By Stephanie Reck
I want to be liked, I want to be accepted, and I want to be loved; but the reality is not everyone will. I don’t know about you, but I am uncomfortable when someone does not like or accept me — it can go deep and speak lies such as, “You’re not good enough,” or “There is something wrong with you.” I tend to think if someone does not like me, it must be my fault. As an over-analytical thinker, I will mull over a dozen reasons or more what I could have done differently for that person to like me. My thoughts go like this, “Certainty, I must have done something wrong for them to not accept me.”
I tried for so long to be what I thought everyone wanted me to be, but eventually, I wore myself out being one way for this person and another way someone else.
Being someone that I am not made me unhappy, unfulfilled, and feeling unworthy to be me.
Often if there is a struggle to be somebody other than yourself to be liked and accepted there is a root of rejection and feeling inferior. Somewhere in your history someone told you or made you feel not good enough, and if you just did this or that you would receive love. Love based on conditions is not love at all.
Conforming to what others want from you to be liked or even loved, is living a lie.
I admit I am a little different. I am an introvert by nature, I prefer solitude over being with a group of people, I don’t enjoy crowds, I enjoy the simple life. I tend not to follow what everyone else is doing. I prefer uniqueness over sameness. I am a well-organized planner. I enjoy structure and routine and can be a bit rigid in these areas. I have a type-A personality which means I am a rule follower, stay on task, and do not often deviate from what I have planned.
As you can see from my list of quirks and differences, I will not mesh well with everyone. I do enjoy all kinds of different people, and relish that God made us all so uniquely different. However, I cannot change who I am to suit other people. I have to be comfortable with who I am, including my not-so-strong points. When people love you, they will embrace your differences, not try and change them.
To embrace and love yourself, you can:
· Focus on your strengths, not your weaknesses. Everyone has strengths, focus, and magnify those.
· Focus on what you are doing right, not on what you are doing wrong. You can’t be doing everything wrong, even if someone makes you feel that way.
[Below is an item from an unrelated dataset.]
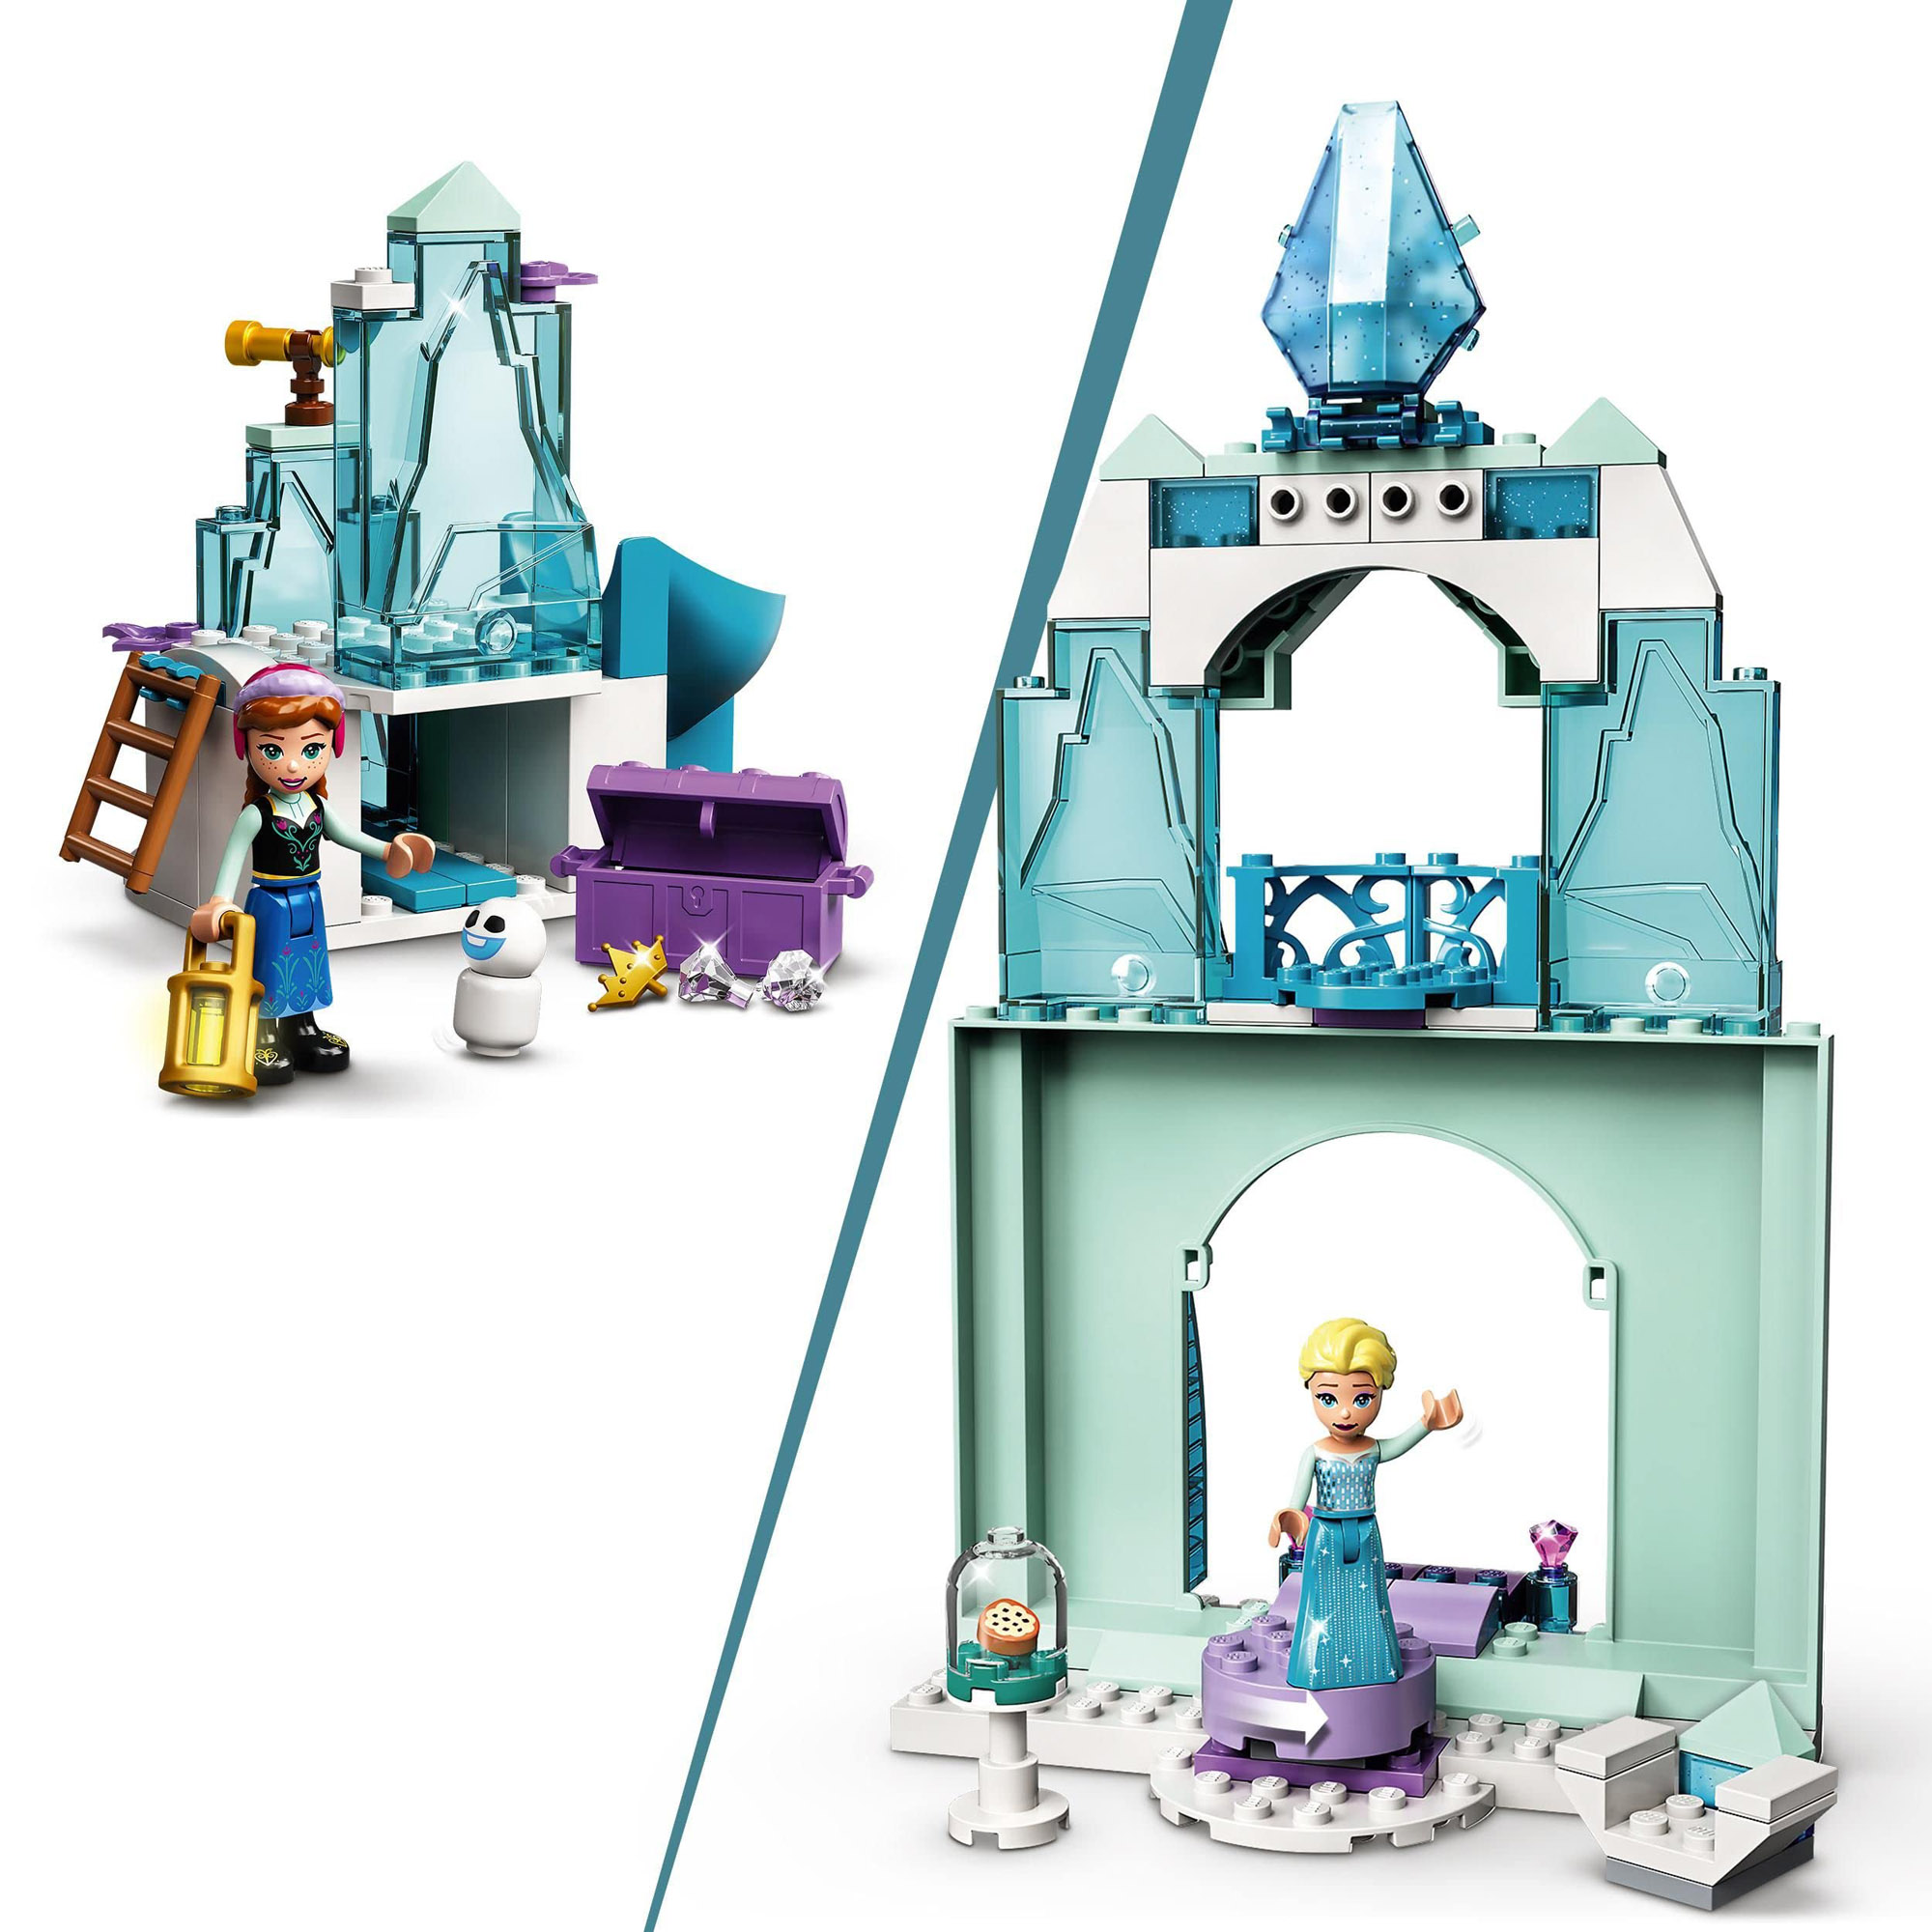 LEGO Disney Princess Il paese delle Meraviglie Ghiacciato di Anna ed Elsa con 6 Mini Bamboline, 43194 - Disney, LEGO

· Accept and love all of you — your weaknesses, your quirks, and your strengths.
· Don’t try and be what others want you to be. You will only make yourself unhappy about doing this.
· Don’t copy what other people are doing so you can “fit in.”
When you become someone besides yourself, you won’t feel content most of the time. When you start to hide parts of yourself so you don’t get judged, you start feeling uncomfortable because, in essence, you are playing a role. It takes courage to be who you are without apology or pretense. Love yourself enough to accept you just the way you are.